Chapter 16 · Evaluation · 8 min
How do we know a model is better?
MMLU, HumanEval, LMSYS Arena. Why measuring LLM intelligence is hard — and why no single benchmark is enough.
How do you know if a model is good?
It seems like a simple question. The answer is complicated.
For a sorting algorithm, it's easy: does it sort correctly? How fast? For a language model, "good" can mean: accurate, honest, helpful, harmless, funny, concise, creative… and these qualities don't always point in the same direction.
Evaluating LLMs is a research field in its own right. Every benchmark captures something true and misses something important.
Automated benchmarks
MMLU — Breadth of knowledge
MMLU (Massive Multitask Language Understanding) tests 57 academic disciplines: medicine, law, chemistry, history, mathematics, philosophy… These are four-choice multiple-choice questions, automatically evaluated.
Average score of a well-educated human: ~90%. The best current models reach 88–89%.
What it measures: the breadth of knowledge stored in the parameters.
What it misses: the ability to reason about genuinely new situations, to acknowledge uncertainty, to detect a poorly framed question.
HumanEval — Code
164 Python programming problems. The model generates a function, automated unit tests verify it works. The standard metric is pass@k: generate k candidate solutions per problem (often k=1 or k=10), and count a success if at least one passes. pass@1 measures reliability, pass@10 measures raw capability.
What it measures: the ability to produce functional code on well-defined problems.
What it misses: the reality of development — understanding a bug in a 50,000-line codebase, refactoring, documenting.
MATH & GSM8K — Mathematics
MATH: 12,500 high school/competition-level math problems, in LaTeX. GSM8K: 8,500 arithmetic problems in natural language.

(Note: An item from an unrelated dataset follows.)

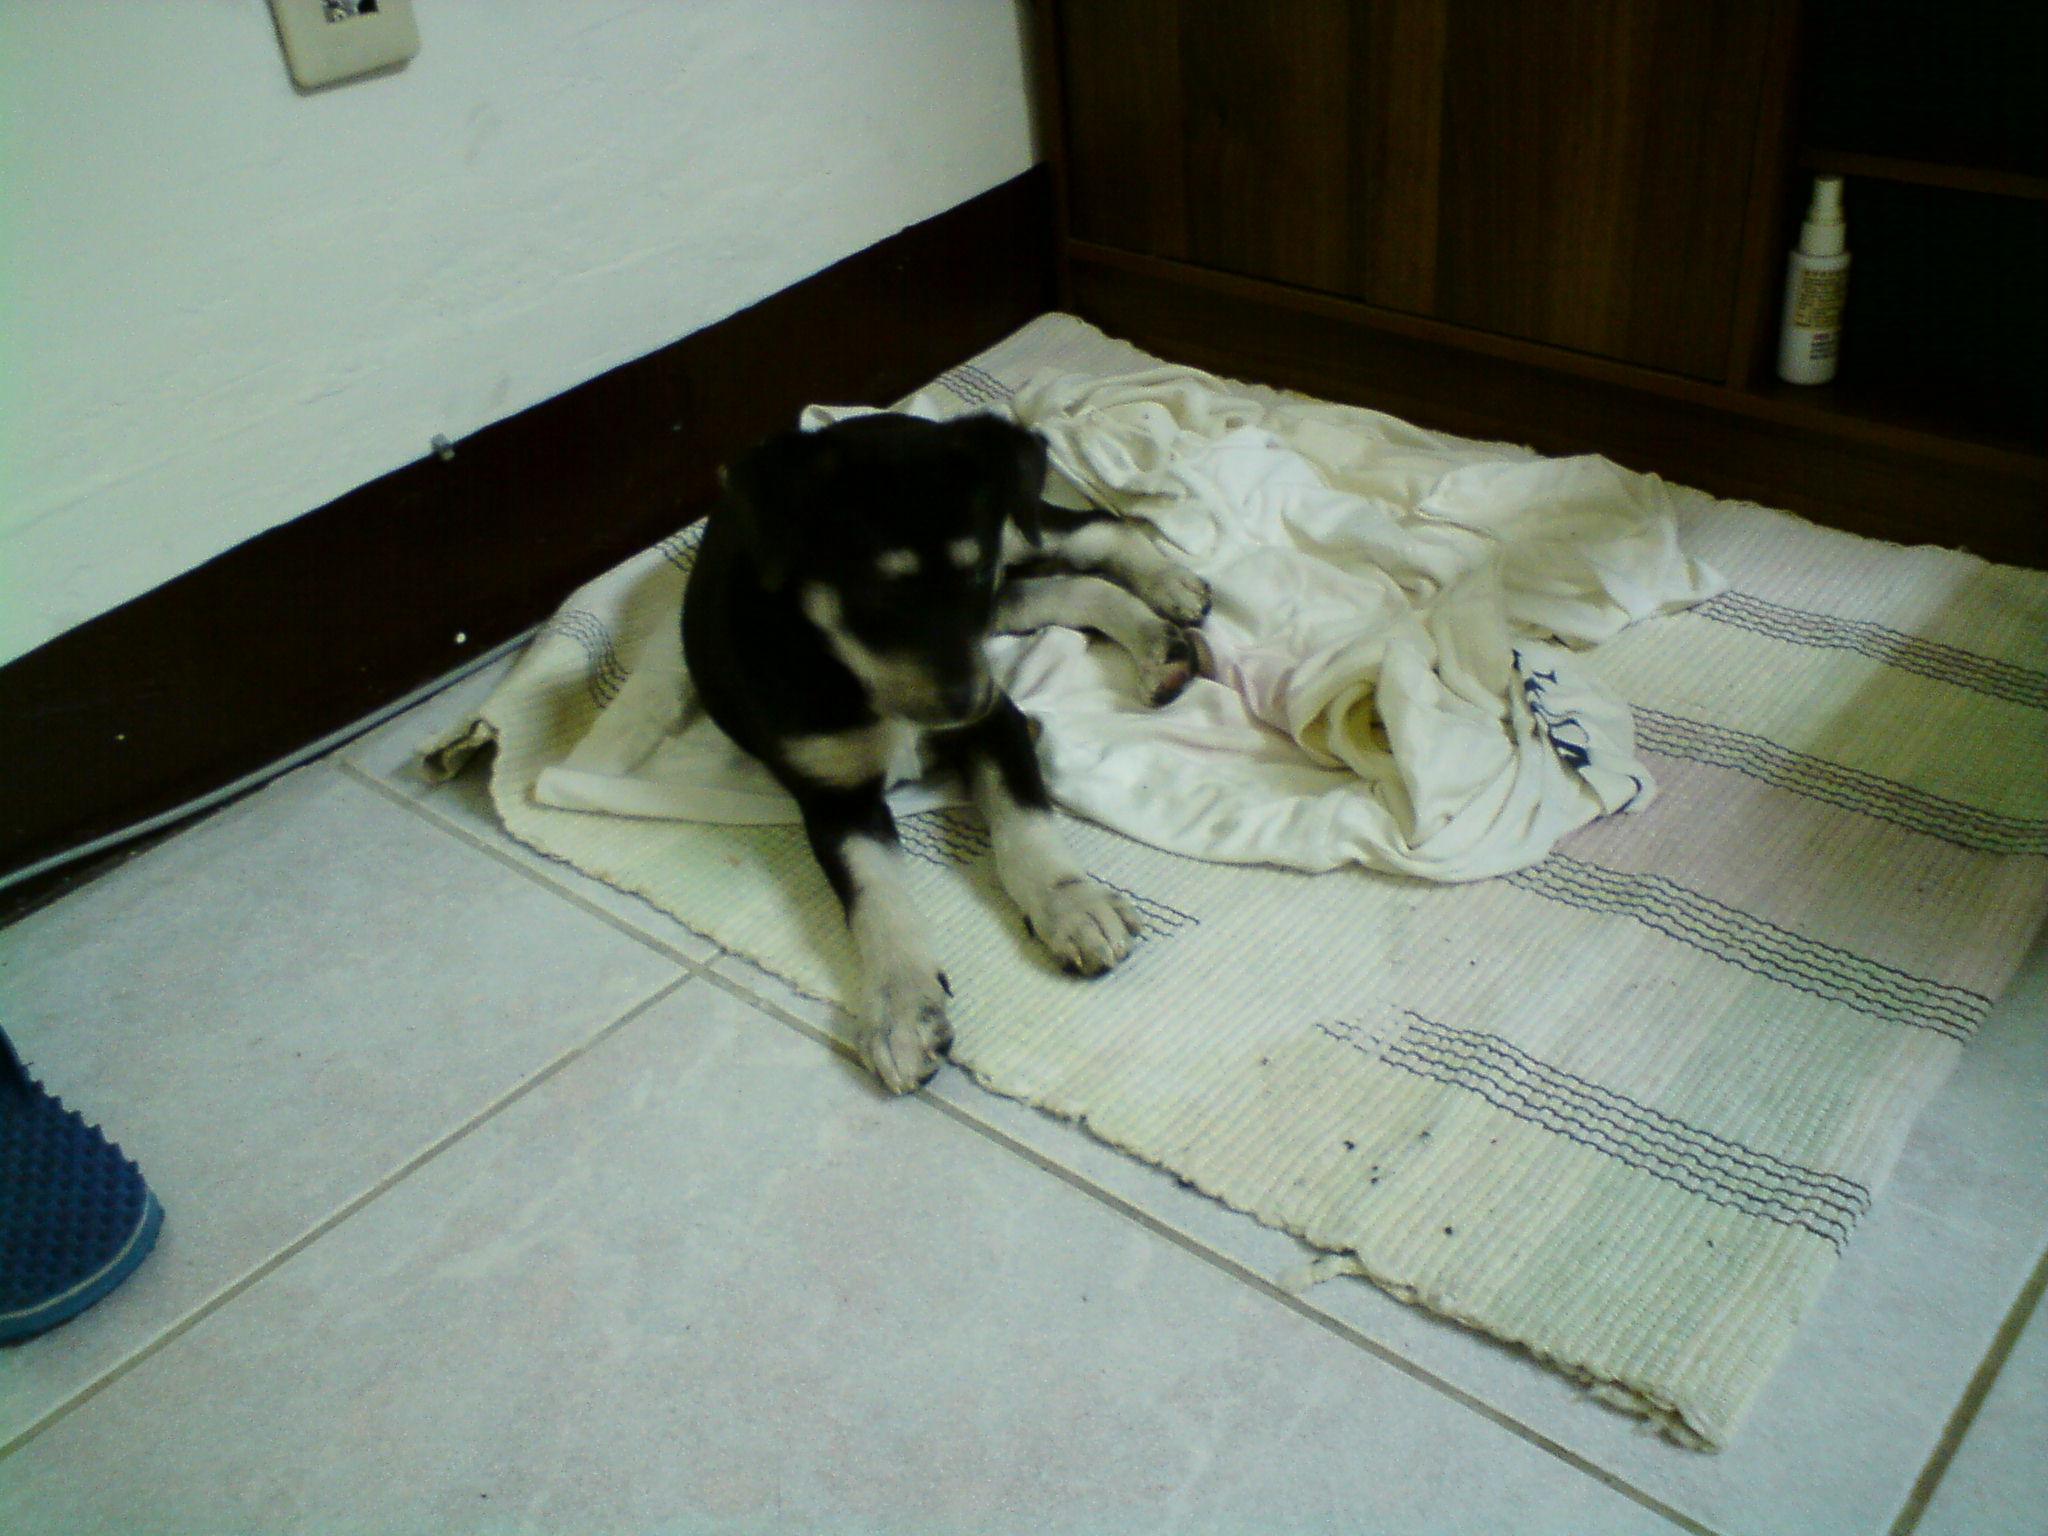 小秋已經選擇好睡覺的地方了 (991201 )

What it measures: multi-step mathematical reasoning.
What it misses: mathematical creativity, formal proof, discovery.
The human benchmark: LMSYS Arena
Arena is different. Anonymous humans pose any question to two models (displayed without names), read both responses, and choose their preference. The ELO score results from thousands of these duels.
It's the only benchmark that measures what humans actually prefer — in all their subjectivity. Ideal length, tone, format, humor, perceived honesty.
What it measures: overall human preference.
What it misses: factual accuracy (humans don't always know which answer is correct), specialized tasks, reproducibility.
Explore the radar
Here are five major models compared across six benchmarks. Click on a model to see its detailed scores, or on a benchmark to understand what it evaluates.
Each axis is a benchmark. Models have different profiles — strong in code, weak in long-form reasoning, or the reverse. No single radar gives the verdict: you have to combine objective benchmarks with human preferences.
What the radar reveals
Look carefully at the patterns:
No dominant model. Claude 3.5 Sonnet leads on HumanEval and BBH. GPT-4o dominates Arena and MATH. Llama 3.1 70B is competitive but behind proprietary models on almost everything.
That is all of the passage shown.